Page MenuHomePhabricator

Find the right procedure to update wiki footers (was en.wikibooks.org has changed legal footer)
Closed, ResolvedPublic

Assigned To
Authored By
Dzahn
Sep 6 2022, 11:19 PM
Referenced Files
F36153930: Screenshot_20230112_104712.png
Jan 12 2023, 9:56 AM
F36067467: Screenshot_20230109_121533.png
Jan 9 2023, 11:22 AM
F35968129: Screenshot from 2023-01-03 14-43-52.png
Jan 3 2023, 10:44 PM
F35968127: Screenshot from 2023-01-03 14-40-11.png
Jan 3 2023, 10:44 PM
Restricted File
Sep 6 2022, 11:20 PM
Tokens
"Love" token, awarded by Slaporte.

Description

enwiki changed its footer and license url, leading to further changes and subsequent alerts. We need to find the right balance between flexibility and legal requirements.

Original description:

We have specific monitoring for legal to make sure the projects have the correct legal / license footers.
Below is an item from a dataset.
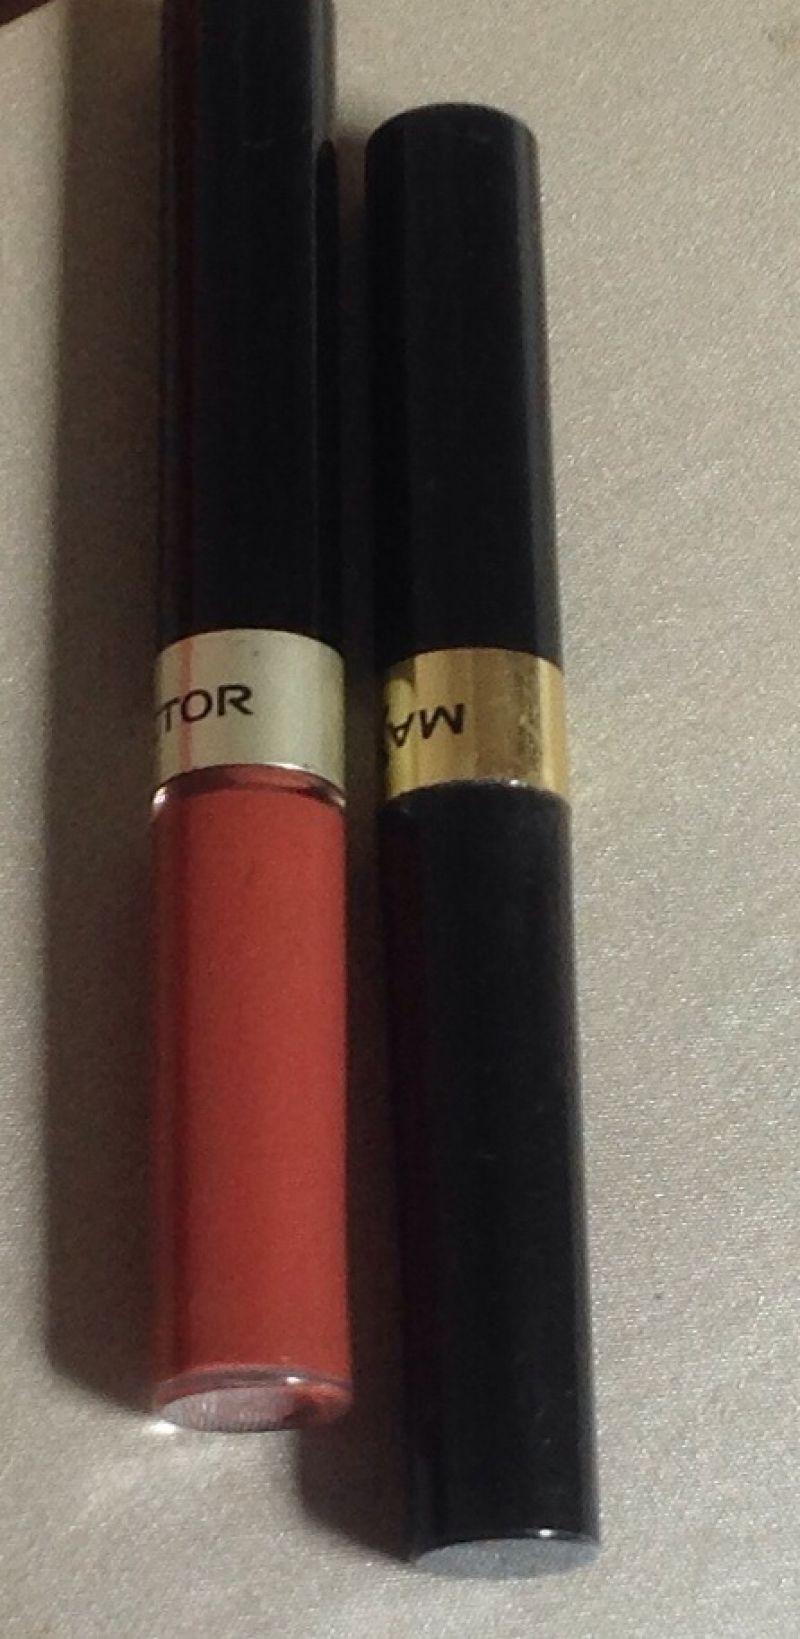 Rouge a lèvre liquide matte, Max Factor - Infos et avis

https://en.wikibooks.org apparently has recently changed the footer leading to this alert:

https://icinga.wikimedia.org/cgi-bin/icinga/extinfo.cgi?type=2&host=en.wikibooks.org

"Textsissavailablesundersthe <ashref="//creativecommons.org/licenses/by-sa/3.0/">CreativesCommonssAttribution-ShareAlikesLicense.</a>: additionalstermssmaysapply. html not found"

Current text is:

Text is available under the Creative Commons Attribution-ShareAlike License; additional terms may apply. By using this site, you agree to the Terms of Use and Privacy Policy.

The similar check for en.wikipedia is not affected.

{F35511388}

Event Timeline

Due to this diff; it's just a punctuation fix, not anything that modifies the meaning of the footer.

@Vahurzpu Thank you! ACK

It's not the first time it happens due to small changes. Part of this ticket was to point out that every time there is any minimal change this causes a false alert that looks pretty big (CRIT in prod monitoring).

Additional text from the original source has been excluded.